Наших детей не было с нами. Черил жила у кого–то на ферме в Орегоне. Она присматривала за стадом коз и продавала молоко. Она держала пчел и собирала мед в банки. У нее была своя жизнь, и я ее не виню. Ее, в общем–то, не волновало, что творится со мной и ее отцом, до тех пор пока ее это не касалось. Бобби был в штате Вашингтон на заготовке сена. После сенокоса он собирался перебраться на сбор яблок. У него была девушка, и он хотел подкопить денег. Я писала им письма, подписывая их «Люблю, Мама».
Однажды после обеда, Вес как раз полол сорняки в огороде, к дому подъехал Чиф. Я была занята посудой. Я подняла глаза и увидела, как здоровая машина Чифа остановилась у обочины. Я отчетливо видела его машину, выезд на шоссе, дюны и океан за ними. Облака висели над водой. Чиф вылез из машины и подтянул штаны. Я поняла: что–то не так. Вес бросил работу и разогнулся. Он был в перчатках и брезентовой шляпе. Он снял шляпу и вытер лицо тыльной стороной руки. Чиф подошел и приобнял Веса за плечи. Вес снял перчатку. Я подошла поближе к двери. Я слышала как Чиф сказал, что, ей–богу, ему ужасно жаль, но он просит нас уехать в конце месяца. Вес содрал с себя вторую перчатку. Почему, Чиф? Чиф сказал, что его дочери, Линде, женщине, которую Вес называл Толстой Линдой еще с тех времен, когда у него были проблемы с алкоголем, нужно где–то жить, и жить именно здесь. Чиф рассказал Весу, что муж Линды ушел на своей лодке в море несколько недель назад и пропал. Она ж моя родная дочь, сказал Чиф Весу. Она потеряла мужа. Отца своего ребенка. Я могу помочь. Я так рад, что могу хоть чем–то ей помочь, сказал Чиф. Извини, Вес, но тебе надо найти другой дом. Затем Чиф еще раз обнял Веса, подтянул штаны, залез в машину и уехал.
Вес вошел в дом. Он бросил шляпу и перчатки на ковер и уселся в большое кресло. Кресло Чифа, подумала я. Даже ковер Чифа. Вес был бледным. Я налила две чашки кофе и подала одну ему.
Ничего, сказала я. Вес, да ты не волнуйся, сказала я. Я села на диван Чифа со своей чашкой.
Толстая Линда будет жить тут вместо нас, сказал Вес. Он держал чашку в руках, но не пил из нее.
Вес, не волнуйся, сказала я.
Ее муж объявиться где–нибудь в Кетчикане, сказал Вес. Муж Толстой Линды попросту сбежал от них. Ну разве можно его винить? сказал Вес. Вес сказал, что на его месте он бы тоже сгинул вместе с лодкой вместо того, чтобы провести остаток дней с Толстой Линдой и ее ребенком. Тут Вес поставил свою чашку на ковер рядом с перчатками. У нас все было здорово до сих пор, сказал он.
У нас будет другой дом, сказала я.
Не такой как этот, ответил Вес. Так уже не будет. Это был отличный дом. С хорошими воспоминаниями. А теперь тут будет жить Толстая Линда со своим ребенком, сказал Вес. Он поднял свою чашку и отпил из нее.

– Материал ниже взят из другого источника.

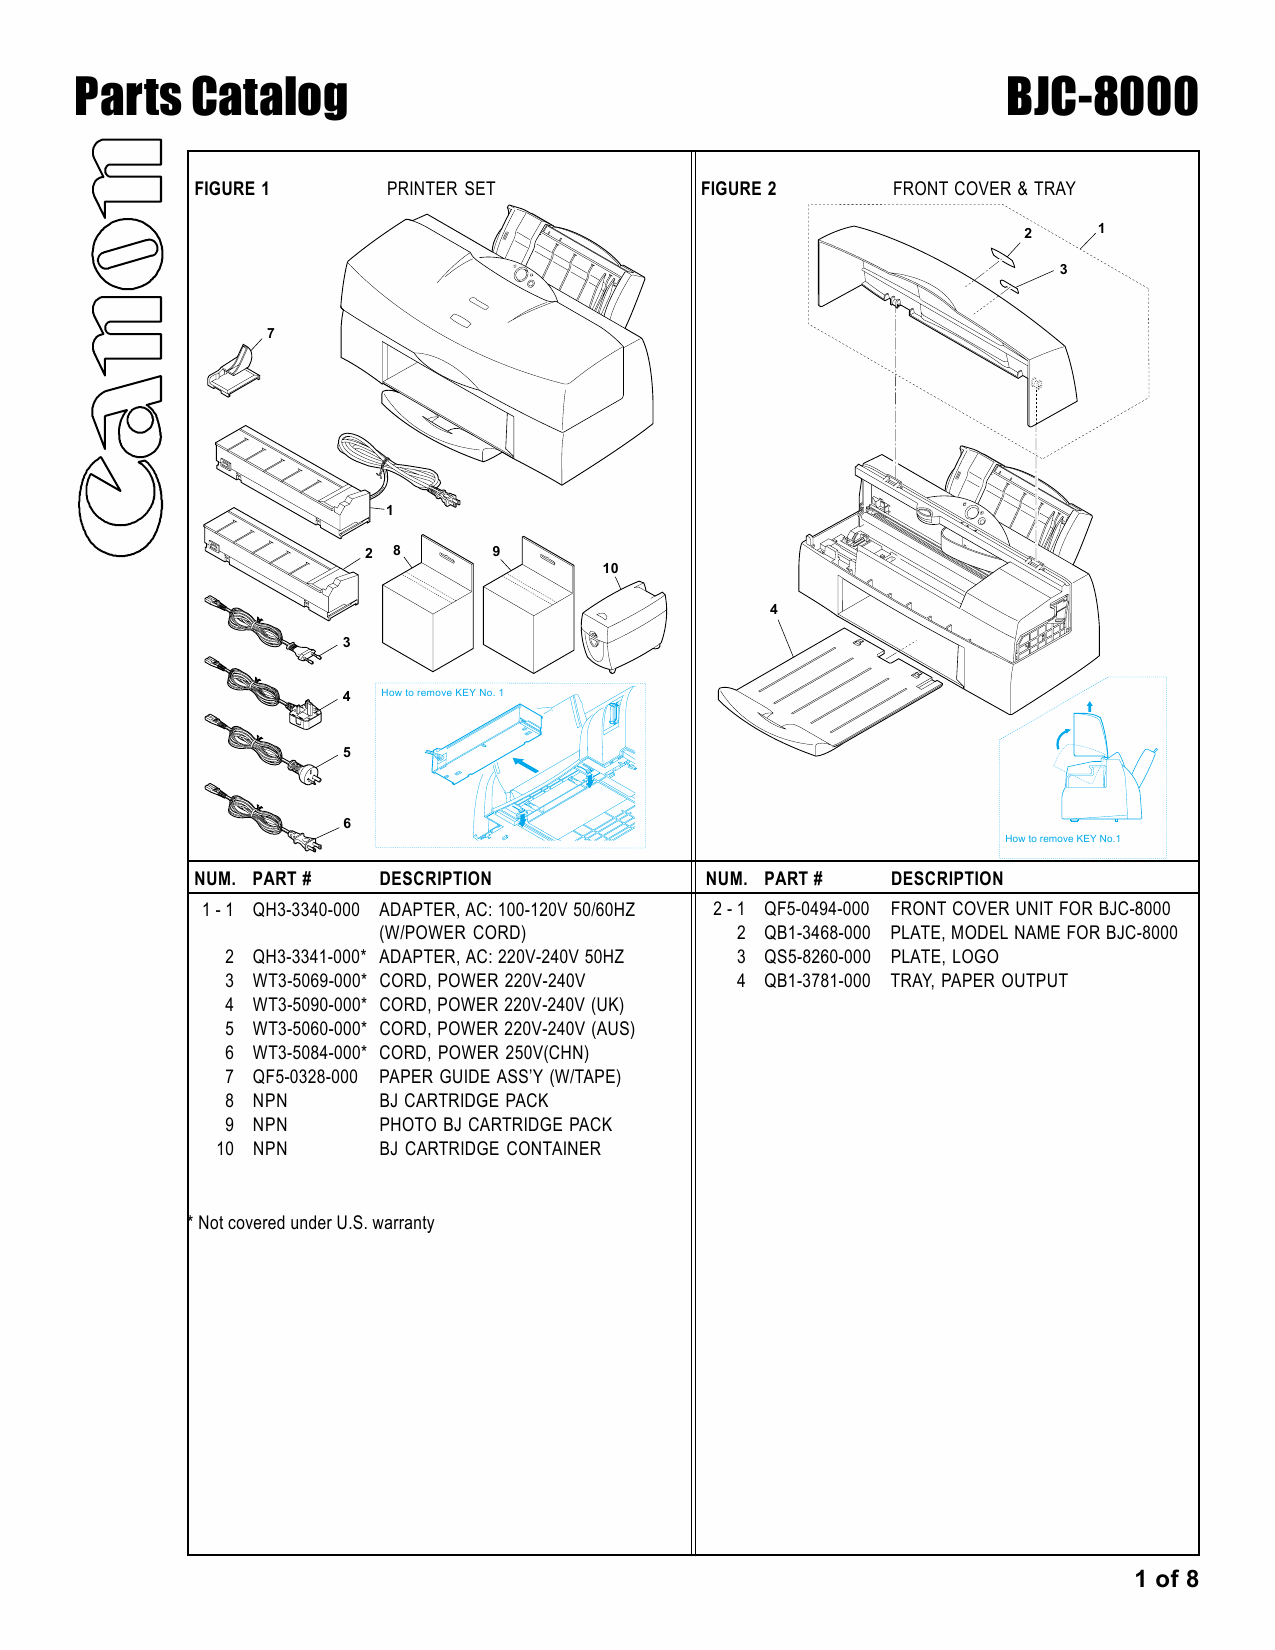 Canon BubbleJet BJC-8000 Parts Catalog Manual-2

Это дом Чифа, сказала я. Он может поступать, как считает нужным.
Я знаю, сказал Вес. Но я не обязан радоваться.
У Веса на лице было такое выражение. Я знала это его состояние. Он то и дело дотрагивался до губ языком. Заталкивал рубашку за пояс. Он встал со стула и подошел к окну. Он стоял, глядя на океан и облака, которых становилось все больше. Он мял подбородок пальцами, как будто размышлял о чем–то. Он в самом деле размышлял.
Успокойся, Вес, сказала я.
Она хочет, что бы я успокоился, сказал Вес. Он по–прежнему стоял у окна.
Но через минуту он подошел и сел рядом на диван. Он положил ногу на ногу и стал теребить пуговицы на рубашке. Я взяла его за руку. Заговорила с ним. Я говорила с ним про лето. Но я поймала себя на мысли, что говорю о чем–то, что произошло давным–давно. Много лет назад. В любом случае о чем–то таком, что уже закончилось. Потом я стала говорить о детях. Вес сказал, что жалеет о том, что нельзя начать все заново, на этот раз по человечески.
Они любят тебя, сказал я.
Нет, не любят, сказал он.
Я сказала, когда–нибудь они поймут.
Может быть, сказал вес. Но будет уже поздно.
Да нет же, сказал я.
Я вот что тебе скажу, сказал Вес, и посмотрел на меня. Это здорово, что ты приехала сюда. Я этого не забуду, сказал Вес.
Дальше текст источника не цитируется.